I found one idea particularly helpful as I tried to increase my Kubernete’s contributions. In his blog post, he recollects how he read every single open issue on Rails before he began triaging, documenting, or coding. While it is undoubtedly tempting to dive in and start making PRs, Steve’s strategy ensures you have the proper context to make informed decisions. Which sections of the code are buggy? Which sections of the code have heavy churn? Github holds the answers to both these questions and more in either issues, pr discussions, or commit logs.
You might say, “we can’t all be Steve Klabnik reading 800 issues over the course of a weekend. Especially with a large project, I’ll be reading issues forever?” You make a great point, which leads me to my second technique that I’ve found absolutely vital.
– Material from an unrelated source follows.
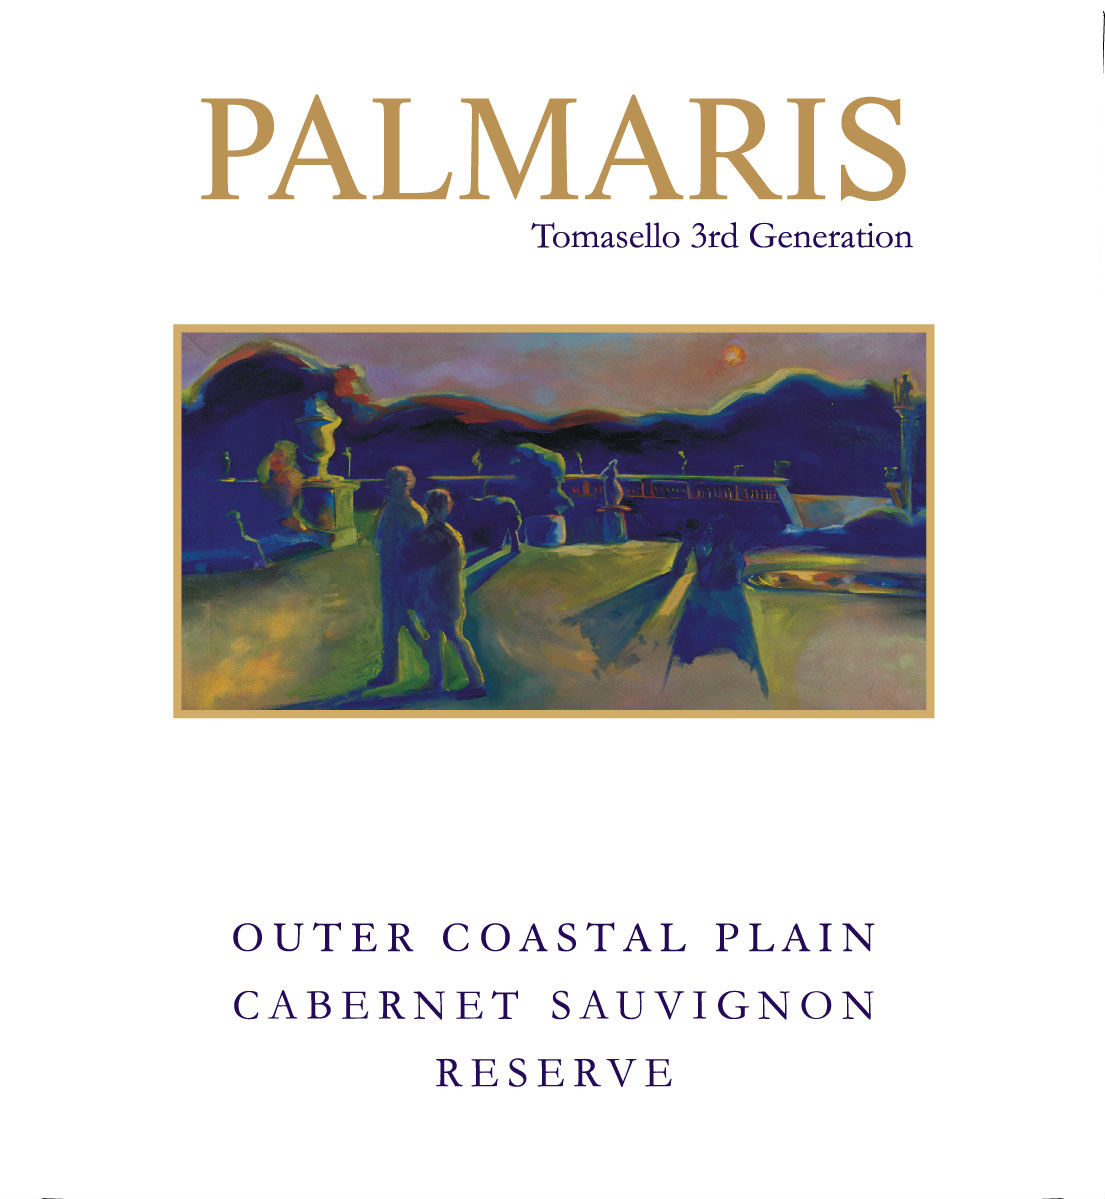 Product Image for Palmaris 2012 Outer Coastal Plain Cabernet Sauvignon Reserve

My previous technique suggested pursuing depth as the way to get your foot in the door on a new open-source project. But unless you are going to spend 16 hours a day working on open-source, you can’t have deep knowledge everywhere. You’ll need to couple your pursuit of depth with a reduced field of focus. In other words, start small. Pick a distinct section of the code base, and dive deep by reviewing issues, past commits and PRs. By focusing on a smaller section of the code base, its easier to develop the context and knowledge allowing you to make intelligent code, documentation, and issue triage contributions.
Picking a section of the code base is a personal decision dependent on a number of factors. Consider what type of velocity you’re comfortable with - do you want new issues to be popping every day, or do you want the ability to take a week long break, and come back and not feel overwhelmed? Additionally, think if there’s an area of the code base in which you have a competitive advantage, or a segment of the project which seems particularly welcoming to newcomers.
For issue triages, code review, and commits, I focus almost exclusively on the auto-scaling components of Kubernetes. Kubernetes. I chose the auto-scaler using the above criteria. It’s not a particularly high-velocity component of Kubernetes at this point, which is perfect for me as I can only contribute on nights and weekends. Additionally, I worked with auto-scaling in Kubernetes a couple of years ago for my undergraduate thesis. While my thesis work resulted in limited open-source contributions, it did leave me with a good knowledge of how auto-scaling, specifically in Kubernetes, works. Plus, I’d interacted with members of the auto-scaling community and knew how insightful and friendly they are.
My final piece of advice isn’t revolutionary but I think its perhaps the most important. As much as possible, create a routine for yourself when getting started on a new project, and stick to it. In my experience, coding is only half the battle in making open-source contributions. Equally important was diligently keeping up to date on my open PRs and shepherding them along to getting merged. Similarly, keeping up to date each day means I never have to repeat the initial deep dive into the historic PRs.
When contributing to Kubernetes, I maintain the following routine. Each morning, before work, I check in on my outstanding PRs. Depending on their state, I’ll either address code review feedback, give the reviewer a friendly ping, or just wait. Then I’ll check if there are any new issues or PRs in the auto-scaling portion of the code base, and address them if I have the knowledge. Only then will I start working on code.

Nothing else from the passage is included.